The body weight development of each animal treated with 300 mg/kg bw (Treatment groups 1 and 2) and 2000 mg/kg bw (Treatment groups 3 and 4) was normal during the two week observation period, similar to untreated female animals of the same age and strain.

Gross pathology:

NA

Other findings:

NA

Any other information on results incl. tables

Necropsy:

300 mg/kg bw – Treatment group 1 and Treatment group 2

Pinprick-sized haemorrhages (1/3 in group 1 and 2/3 in group 2) and pale raised areas (1/3 in group 2) were observed in the lungs.

2000 mg/kg bw – Treatment group 3 and Treatment group 4

In the lungs, pinprick-sized haemorrhages (2/3 in group 3 and 1/3 in group 4) and pale raised areas (2/3 in group 4) and in the uterus hydrometra (2/3 in group 3) were observed at the terminal necropsy of these animals.

In summary, no test item related macroscopic changes were found at the necropsy.
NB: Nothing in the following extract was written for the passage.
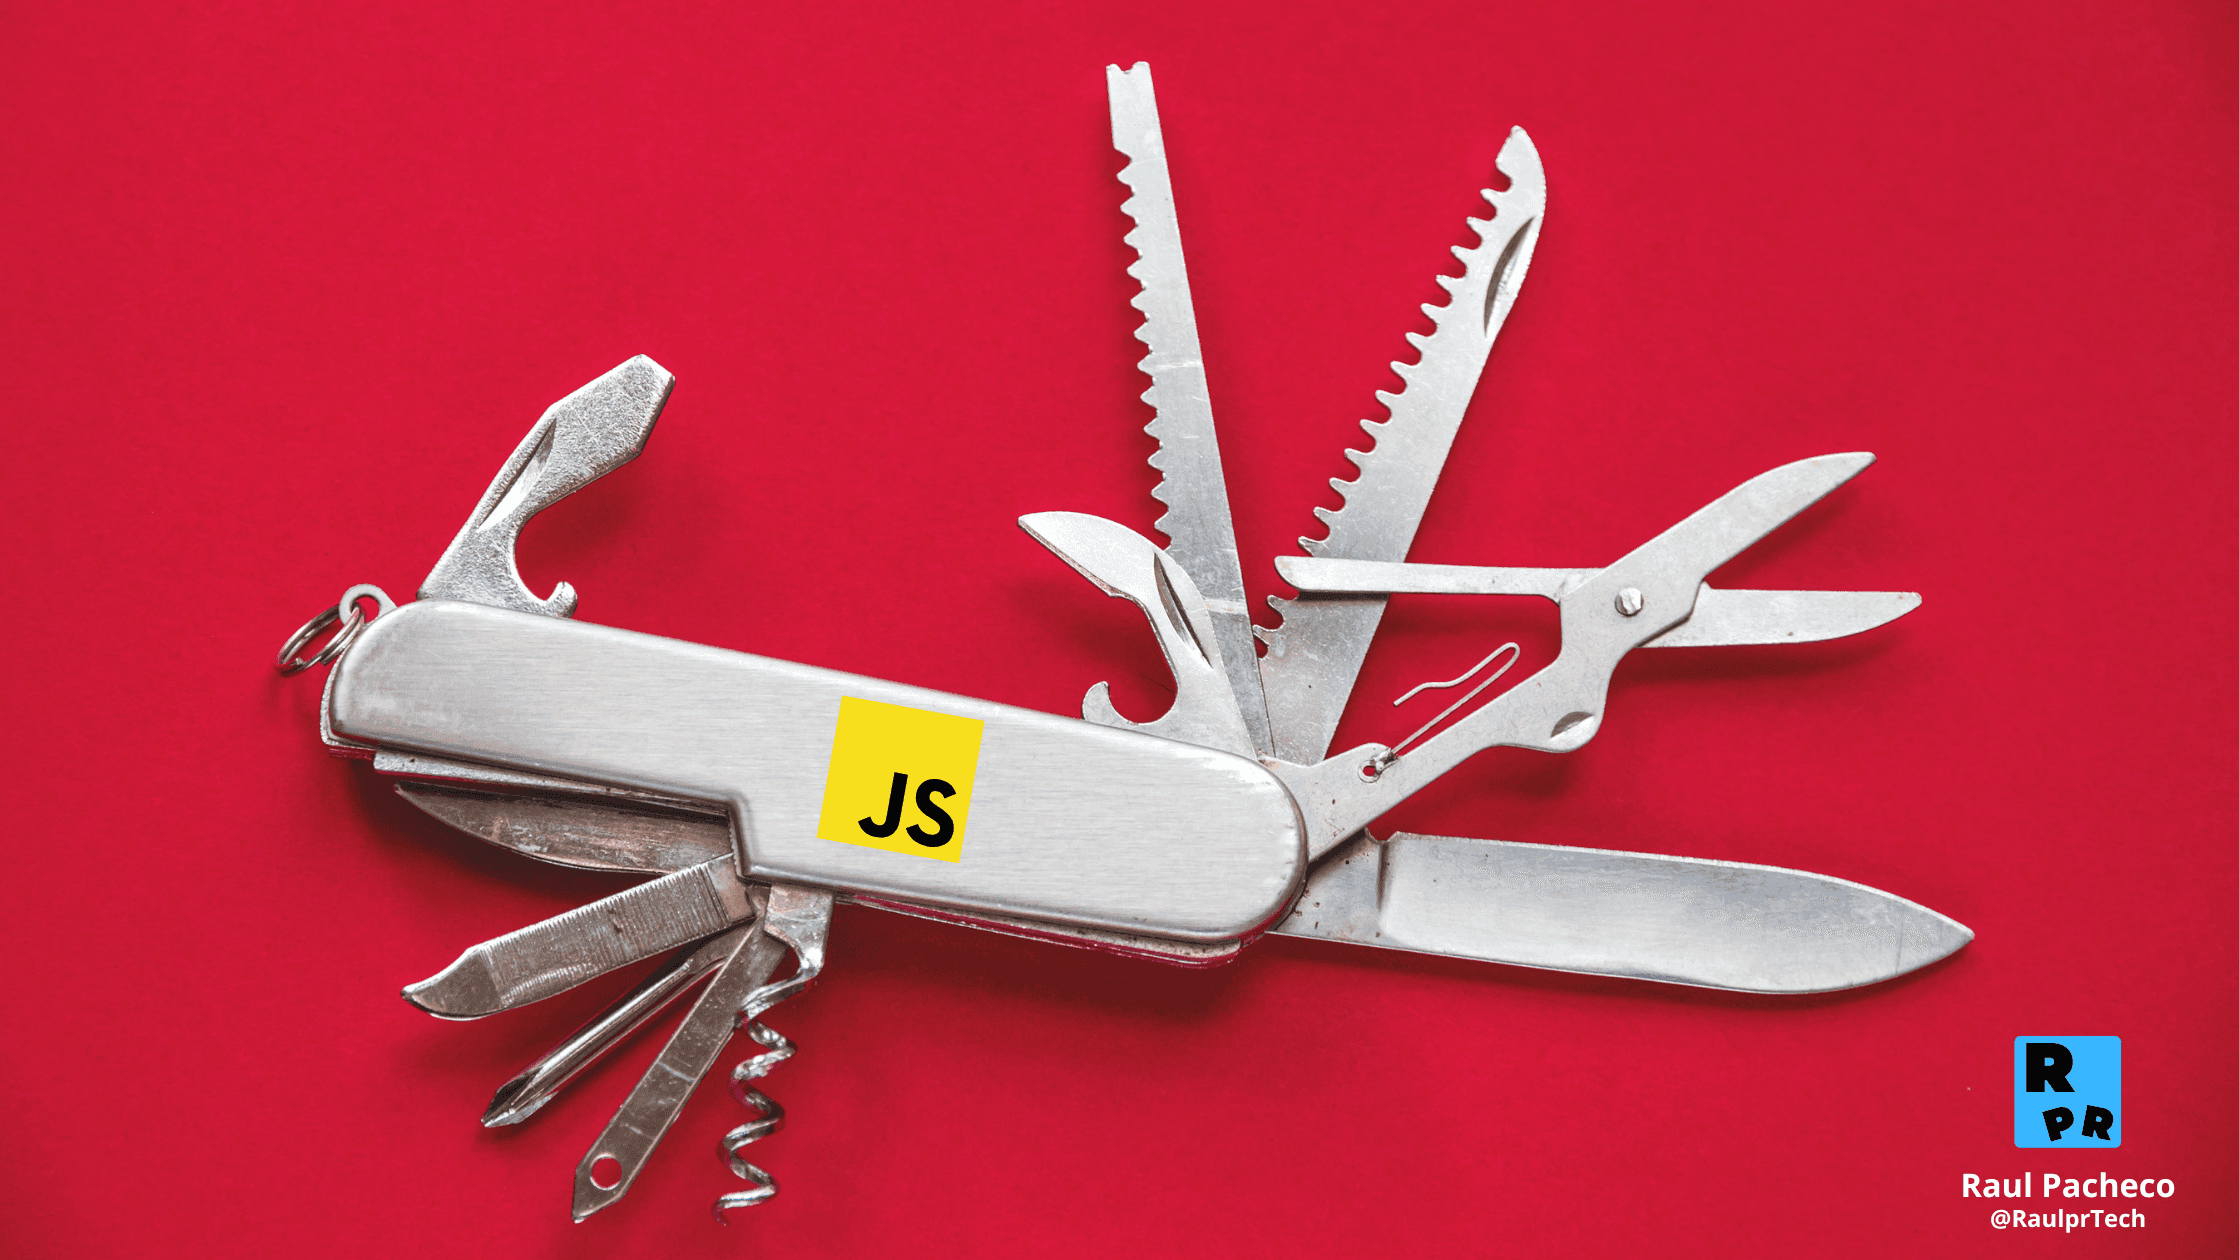 Versatilidad - Navaja suiza con el logo de JavaScript

The haemorrhages, and pale raised areas in the lungs, referred to circulatory insufficiency developed during the anaesthesia and exsanguination procedure, which are also observable in untreated animals after anaesthesia. Uterine hydrometra due to the sexual cycle is a common finding in experimental rats.

Applicant's summary and conclusion

Interpretation of results:

study cannot be used for classification

Remarks:

Migrated information

Conclusions:

Under the conditions of the present study, a single oral administration of the test item Gardo TP10451 did not cause death of female CRL:(WI)BR rats at 300 mg/kg bw and 2000 mg/kg bw dose levels.

Executive summary:

Under the conditions of the present study, a single oral administration of the test item Gardo TP10451 did not cause death of female CRL:(WI)BR rats at 300 mg/kg bw and 2000 mg/kg bw dose levels.

According to the Globally Harmonised Classification System, the acute oral LD50 value of Gardo TP10451 was greater than 2000 mg/kg body weight in female CRL:(WI) BR rats and it was ranked into Category 5.

According to directive 2001/59/EC, classification of Gardo TP10451 by the oral route is not required based on the results of this study.